Sobre el Atlántico
C'etaient les eaux, et les eaux, et les eaux.
James
Las aguas parecen sin fin, como si no hubiese ya tierras, y nuestro mundo fuera una inmensa gota, una sola y redonda lágrima azul, cayendo en el éter. ¡Oh, este azul! Es un azul oscuro, denso, traslúcido, un azul de zafiro, en cuyo seno, bajo las alas de la noche, despiertan fulgores de fósforo. ¿Dónde la espuma sería más blanca que sobre el azul, a veces laminado y bruñido como un metal, a veces laqueado de negro, el azul atlántico que me llena la vista y el alma? Espuma rodante, sonora, cabellera de nieve salvaje, penacho que se alza y se anega y se levanta nuevamente y se encabrita en cada cresta del innumerable y paralelo ejército de olas. Espuma -surtidor, torrente, cascada-, que en lo cóncavo de la onda teje anchos exágonos irregulares cuyas cintas tiemblan como sobre una piel, o que adelgaza sus filamentos lívidos en un encaje de sutileza infinitesimal, o se desvanece en verde bruma submarina, o se curva en gasa que se deshace al viento, o se retuerce en largas volutas de humo líquido, o finge, a los oblicuos rayos del sol, la red de púrpura que inyectara el ojo enorme de un monstruo... Espuma blanca sobre el mar azul, emulsión hirviente de agua y aire... Sí; aire, agua, nada más: lo que cede y se desliza y huye y, por lo mismo, rodea y devora y disuelve. Agua y aire, lo que carece de cohesión y de forma... y por lo mismo, revela su inflexible geometría en el arco fatal del horizonte...

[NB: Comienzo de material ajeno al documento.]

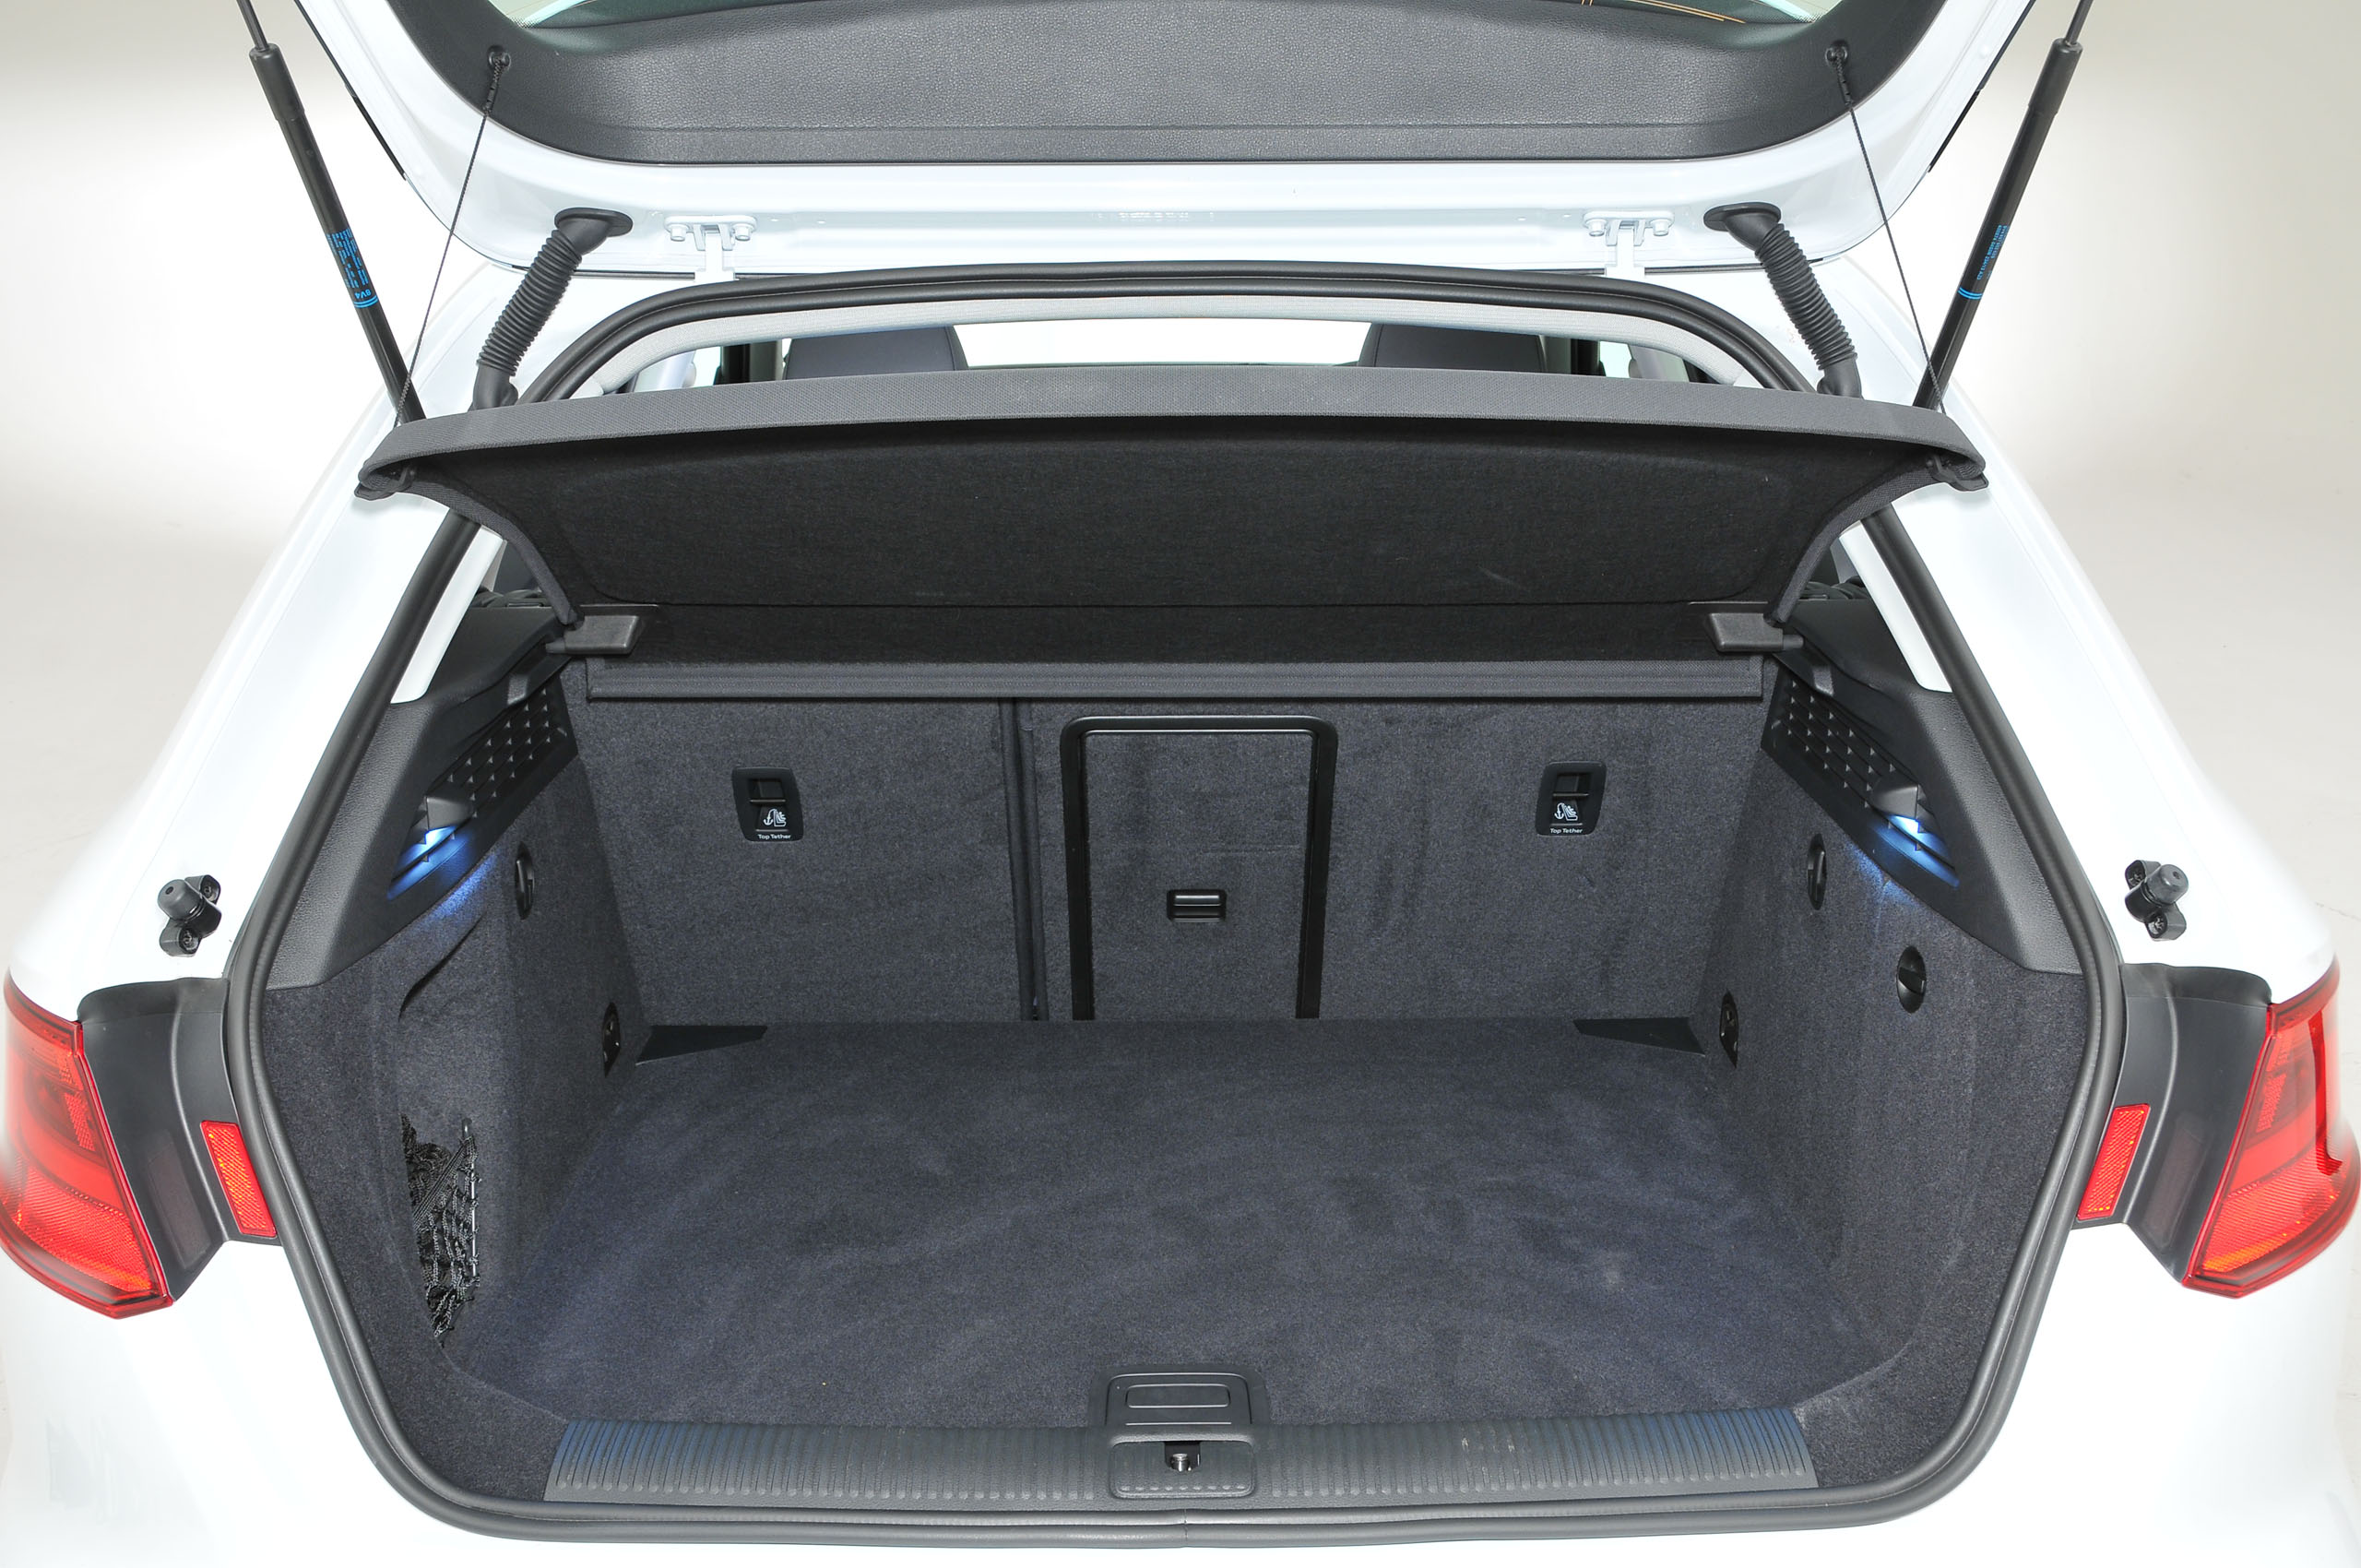 Audi A3 Sportback dimensions, boot space and electrification

¡Aguas del mar, estremecidas y desnudas, sangre purísima del Universo, linfa madre, plasma sagrado del cual llevamos todos, para poder vivir, una provisión en las venas! Tu sal se seca en mis labios, y saboreo tu sublime amargura. Acaso a una legua bajo la quilla del buque yacen las ruinas de un continente que recuerdan los hombres -y acaso cien otras bajo ellas-, pero en tus entrañas surgen continuamente las Venus primordiales: seres blandos y errabundos, tentáculos ciegos, larvas glaucas, pulpa ancestral que se ha vuelto transparente y flota invisible, bosques sumergidos, infinitas lianas de un ámbar sin flor, y también el semillero de la fauna microscópica, polen oceánico que en vastas estelas arde bajo el firmamento de los trópicos. Y quizás, en una hora tibia, ¡oh mar venerable!, engendras aún, como en las épocas geológicas, el misterio de los misterios, las células matrices de la vida virgen...
¿Aún?... Nada hay ilimitado ni eterno. El mar envejece. Su aliento se pierde en los espacios siderales. Su agua, cristalina limpieza entregada a los cielos, le es devuelta avaramente por los ríos, turbia y sucia, cargada de todos los despojos y secreciones y deyecciones de la tierra. Y con el transcurso de los tiempos, el mar se torna más acre, más espeso, más bajo, más árido. Nosotros, los cada vez más ágiles, los usurpadores del destino, corremos hoy sobre las aguas, cortándolas al doble tajar de nuestras hélices, porque supimos aprisionar el fuego, y el fuego, como nos anunció Esquilo, es el maestro que nos lo ha enseñado todo, ¡todo!, hasta fabricar lo álgido y helar el aire. ¿Qué importa que se apaguen los astros, si se encienden otros en nuestros cerebros? Y todavía mañana, cuando el mar haya cuajado en un témpano único sus sueños estériles, volarán nuestras máquinas sobre él, dejando en las tinieblas un rastro de chispas.